(Provided material)

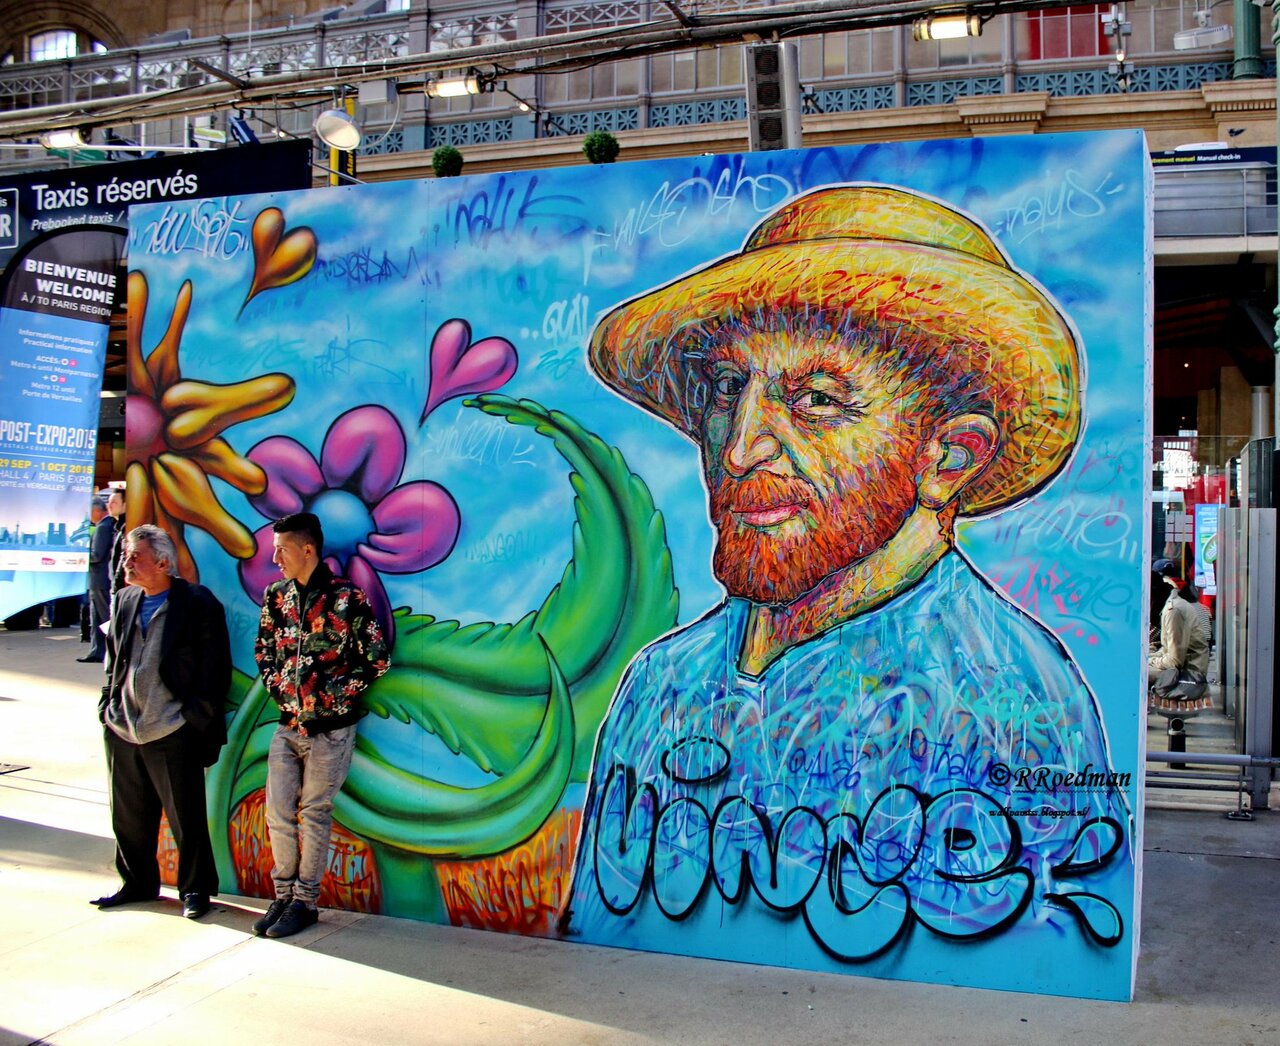 #streetart #graffiti #mural Vincent van Gogh in #Paris Gare du Nord ,2 pics at http://wallpaintss.blogspot.nl http://t.co/sADktzcEbn
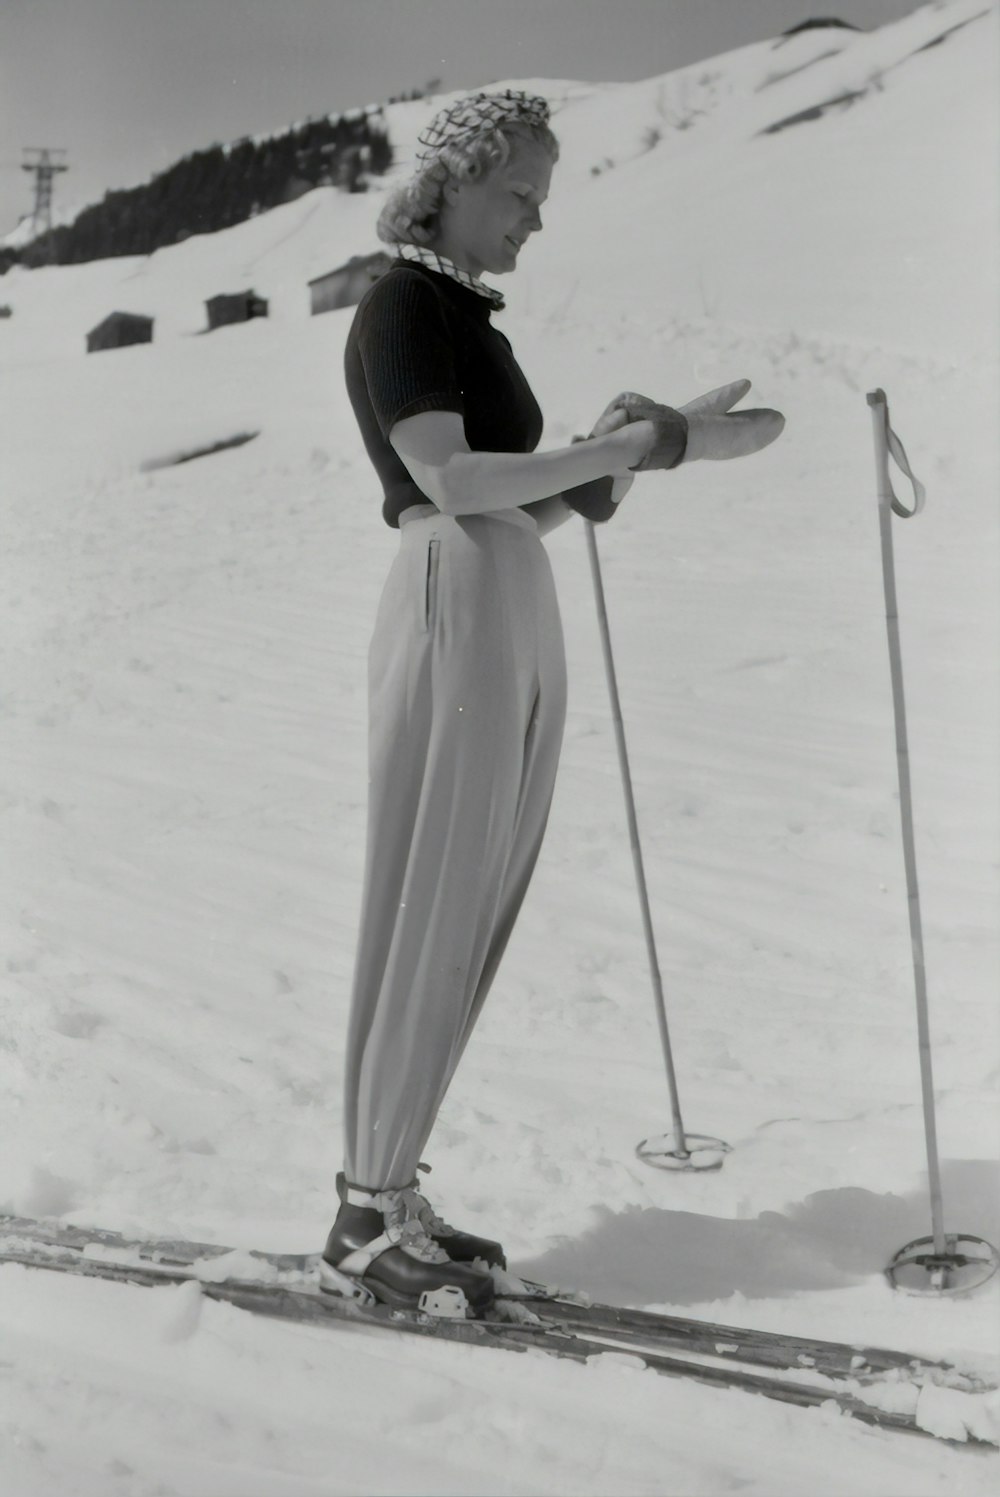 Photographie en niveaux de gris d’une femme utilisant un snowboard
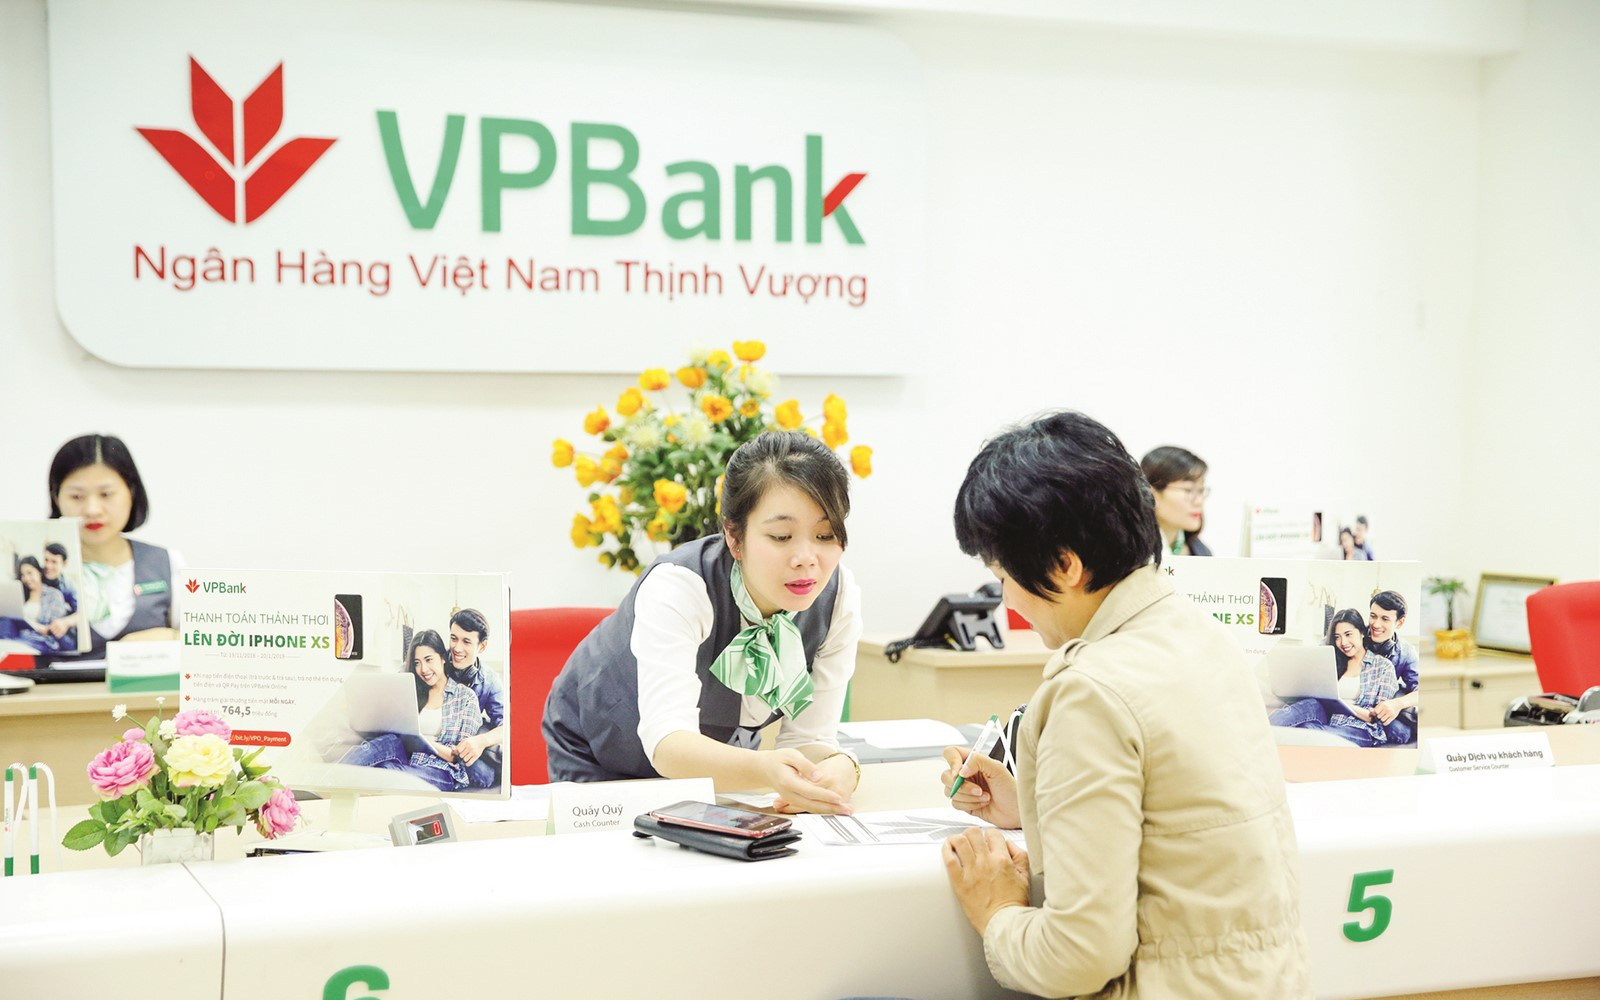 VPBank “dọn đường” đón cổ đông chiến lược, ai là ứng cử viên sáng giá?
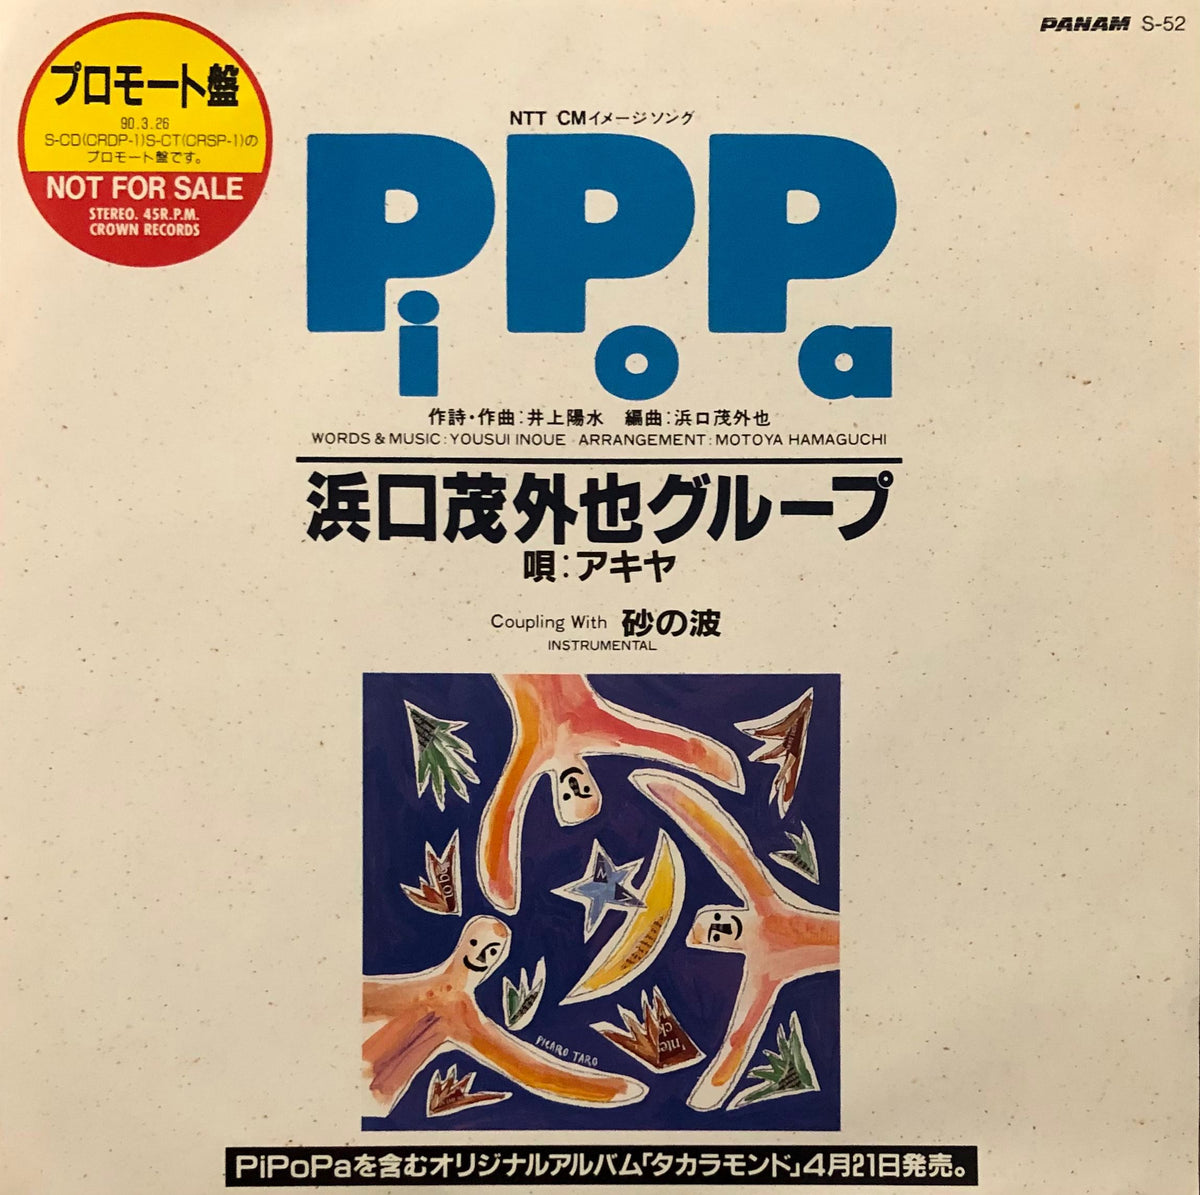 Motoya Hamaguchi Group u003d 浜口茂外也グループ - Pi Po Pa – Galapagos Records

(End Provided material)

# Work task
Where pictures appear, skip them and transcribe all other material word for word.

# Result
 #streetart #graffiti #mural Vincent van Gogh in #Paris Gare du Nord ,2 pics at http://wallpaintss.blogspot.nl http://t.co/sADktzcEbn
 Photographie en niveaux de gris d’une femme utilisant un snowboard
 VPBank “dọn đường” đón cổ đông chiến lược, ai là ứng cử viên sáng giá?
 Motoya Hamaguchi Group u003d 浜口茂外也グループ - Pi Po Pa – Galapagos Records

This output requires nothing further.